Republicans Hike Your Electricity Bill Again
Florida Republicans and their allies are allowing Big Utilities to fleece ratepayers and devastate the environment. The Republican Public Service Commission is, as always, putting the public interest behind the demands of the special interests. Hard working Florida families feel the squeeze.
Perhaps they should consider renaming themselves the Special Interest Commission, considering whose side they are really on.
Tampa Tribune: Regulators OK charging customers for ‘fracking’ exploration
BY JAMES L. ROSICA
Tribune/Scripps Capital Bureau
Published: December 18, 2014 | Updated: December 18, 2014 at 01:30 PM
TALLAHASSEE — The state’s utility regulators Thursday approved Florida Power & Light Co.’s request to charge its customers millions of dollars to explore for natural gas to run its power plants.
If successful, the project could save an average FPL residential customer nearly $2 per year, according to commission staff.
The utility sought permission to pass on the cost of a $191 million exploratory fracking project to its ratepayers. It will be a joint venture with Louisiana’s PetroQuest Energy.
The five-member Public Service Commission, which regulates the state’s investor-owned utilities, approved the request 4-1.
Commissioners Eduardo Balbis, Ronald A. Brisé, Julie I. Brown and Lisa Edgar voted for the proposal; commission chairman Art Graham was opposed.
“If customers are going to pay for gas that comes from unconventional sources, it should be cheaper,” Balbis said. “We have to protect customers from price fluctuations … I think this is a good contract.”
FPL spokeswoman Sarah Gatewood told reporters the utility ultimately expects the project to save customers millions of dollars.
“We look forward to moving forward,” Gatewood said.
Susan Glickman, Florida director for the Southern Alliance for Clean Energy, which opposed the proposal, continued to call the plan “very unorthodox.”
Among utilities, “there’s this constant refrain about the need for fuel diversity,” she said, referring to avoiding an overreliance on natural gas. “But this goes exactly in the opposite direction.”
Fracking, short for hydraulic fracturing, involves drilling deep underground and shooting fluid at high pressures to break up shale rock, releasing gas or oil trapped inside.
Critics continue to question an idea that, with the possibility of other drilling projects to follow, could cost FPL customers up to $750 million.

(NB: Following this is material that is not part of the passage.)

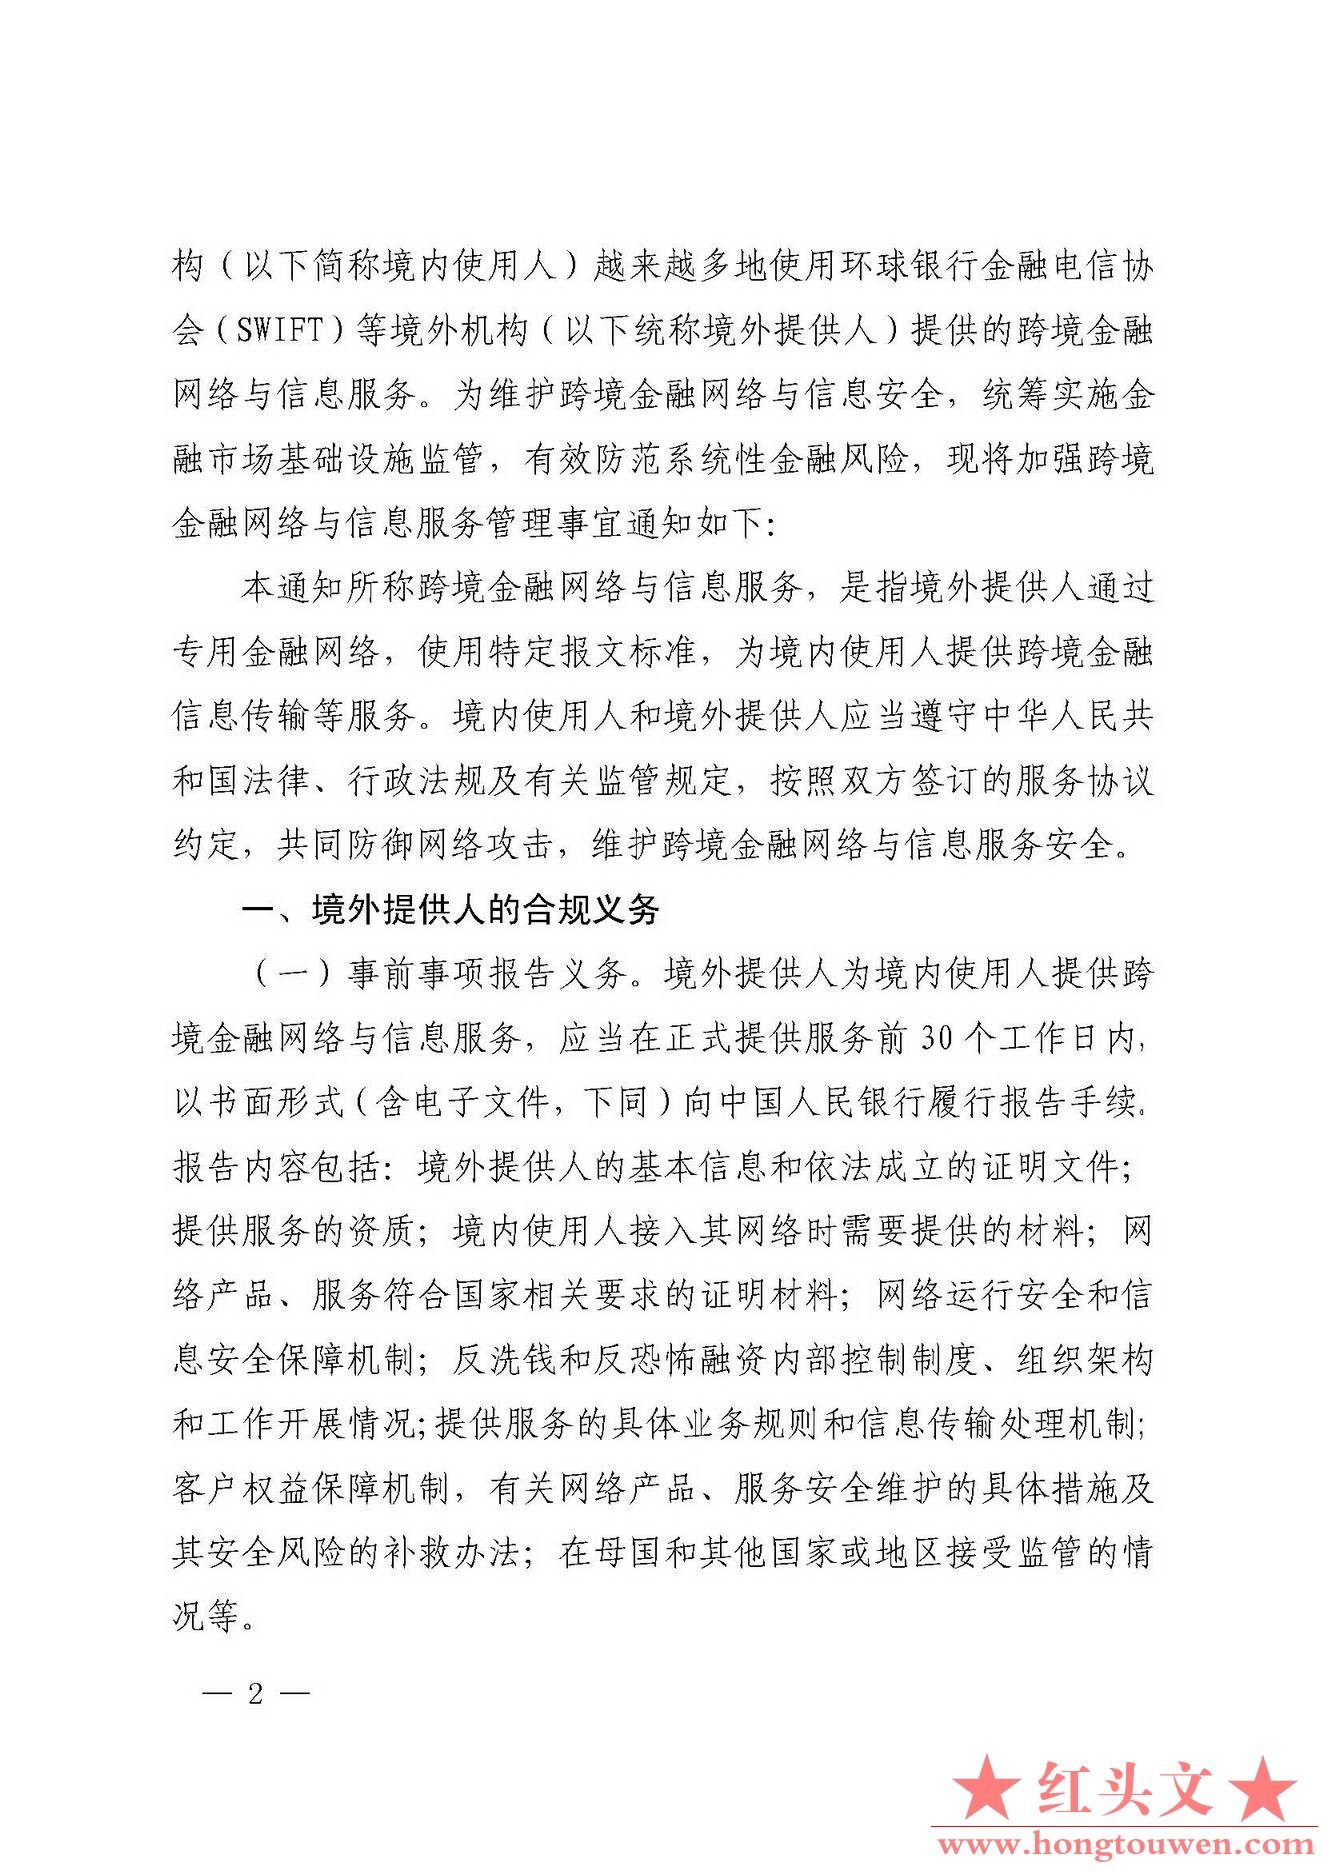 银发[2018]176号-中国人民银行关于加强跨境金融网络与信息服务管理的通知_页面_2.jpg.jpg

FPL has argued, however, that its ratepayers will save money in the long run if it finds gas by avoiding price spikes on the open market.

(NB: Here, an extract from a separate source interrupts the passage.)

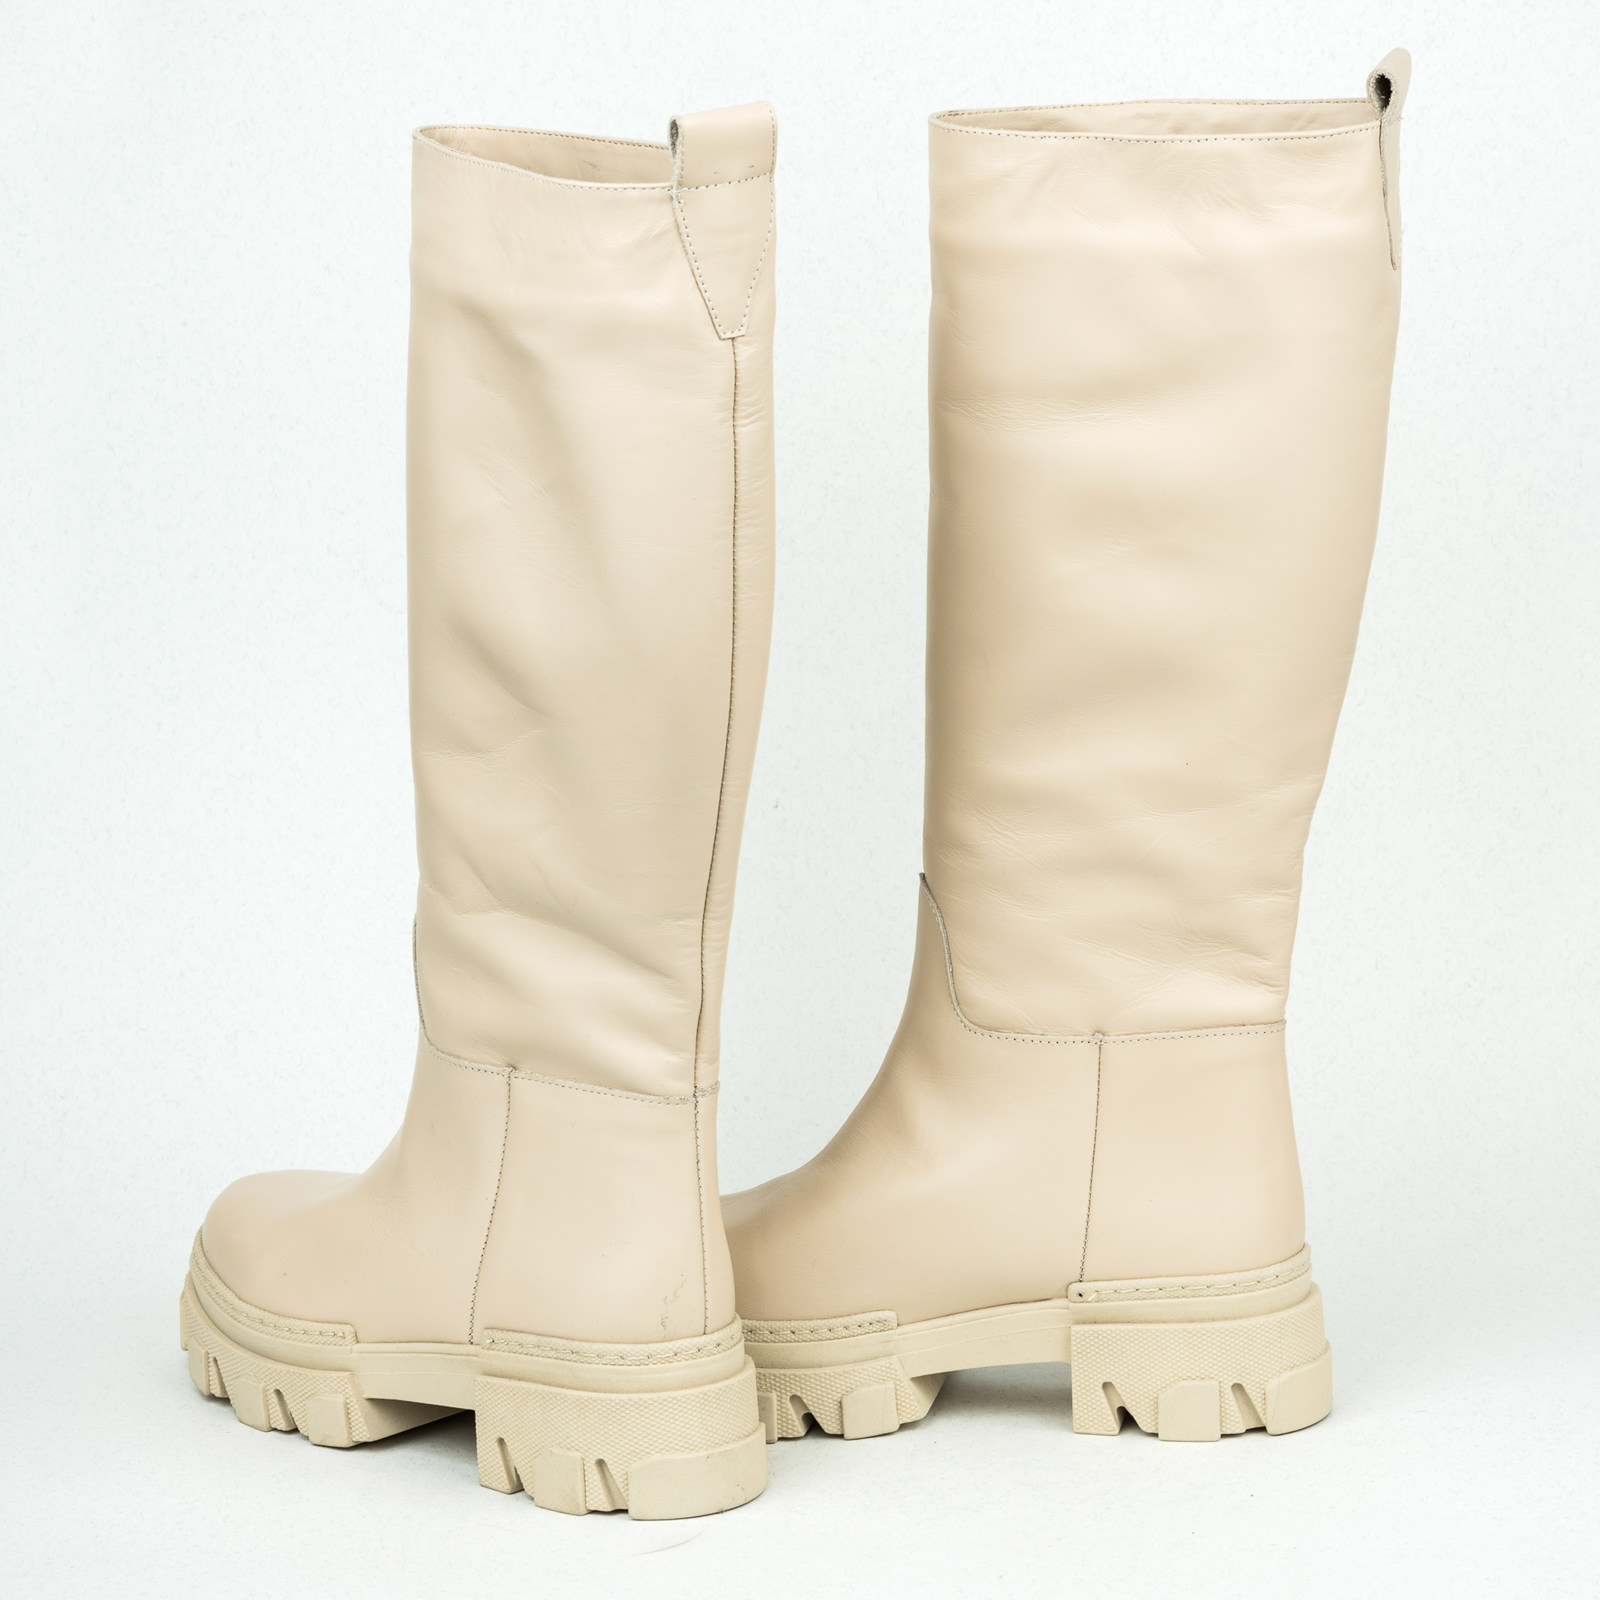 Leather WATERPROOF boots B128 - LIGHT BEIGE

Staff members told commissioners the initial effort, if successful, could save the typical residential customer using 1,000 kilowatt hours a month as much as 16 cents per bill by 2016.
A regulation enacted in 1980, known as the state’s fuel clause, allows power companies to pass along the expense of fuel to run power plants.
Natural gas is the fuel that runs the turbines that produce electricity in most of Florida’s power plants.
In Thursday’s case, FPL wanted the commission to apply the regulation to cover fuel that hasn’t been found yet.
Commissioner Lisa Edgar responded to concerns about fracking’s safety, saying most gas now used in Florida is already coming from fracking wells around the country.
The technique has raised concerns partly because the fluid injected into the ground contains chemicals that could pollute underground water supplies.
The commission has told utilities to “take all efforts to reduce fuel costs … and I believe that’s what this project is intended to do,” Edgar said.
Commissioner Ronald A. Brisé, however, said he questioned utilities getting into the production end of the energy business.
“The question is not what you think about fracking,” Brisé added, but rather, “do we have the tools to ensure that customers would be getting the best deal, all of the time?”
In other action, commissioners rejected another of FPL’s requests to also pass along the cost of lobbying the federal government on water quality regulations.
In a statement, Graham said the commission “determined that the utility did not meet a legal threshold for passing along costs to customers” in that case.